2. Example Amplicon Project Design and Analysis
:
2.6 Other Issues of Special Interest
: 2.6.3 Should Amplicons Share a Reference Sequence or Have Individual Ones?
2.6.3
Should Amplicons Share a Reference Sequence or Have Individual Ones?
When you are setting up your Amplicons for a Project, you will need to consider two opposing issues. The first issue is that smaller Reference Sequences are more efficient for computation. Excessively large Reference Sequences can lead to long computation times and slow scrolling and navigation, so shorter ones are preferable on that count. On the other hand, alignment views are restricted by Sample and Reference Sequence combination. This means that if you want to look at alignments or difference plots for two or more different Amplicons at the same time, those Amplicons must be defined from within the same Reference Sequence.
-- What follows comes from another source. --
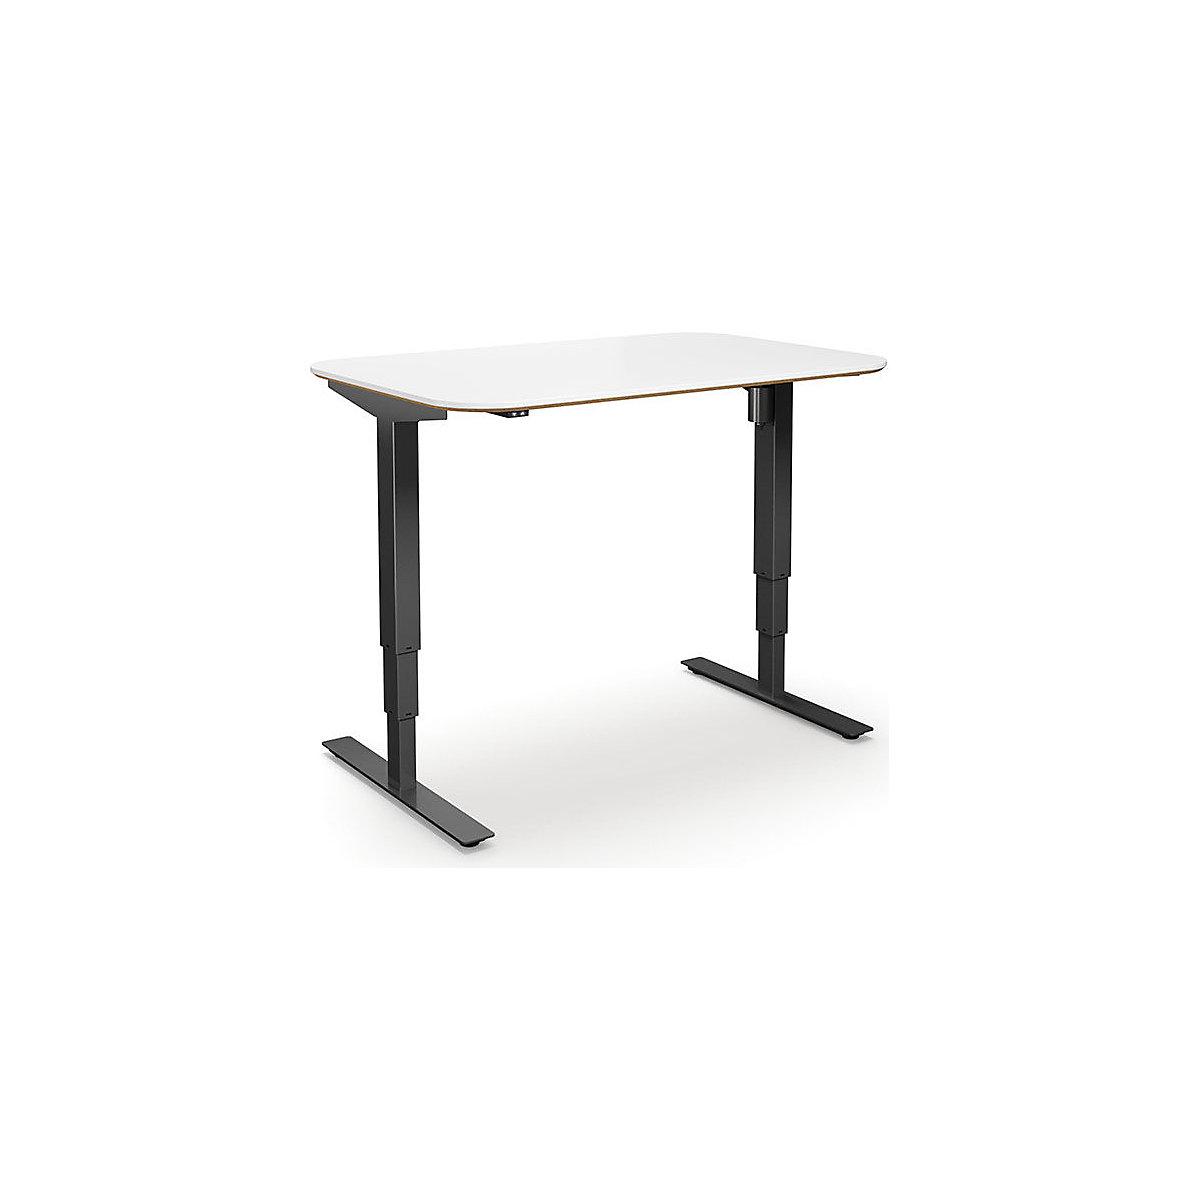 Atlanta Trend desk, electrically height adjustable, straight, rounded corners, WxD 1200 x 800 mm, white/black-17

It makes sense to use a common Reference Sequence when your Amplicons actually overlap with one another and to use separate ones for Amplicons that don’t overlap. However, you do have the capability to construct artificial Reference Sequences that allow you to view multiple unrelated Amplicons in a view at the same time. These artificial Reference Sequences can be constructed by concatenating Amplicon sequences together with a string of N’s as separators. Such a Reference Sequence would be convenient if you have a small to moderate set of Amplicons that you are measuring in Samples with unknown variation content. You would then be able to look at the difference plot and get an overview of all of the Amplicons at the same time to identify obvious variations.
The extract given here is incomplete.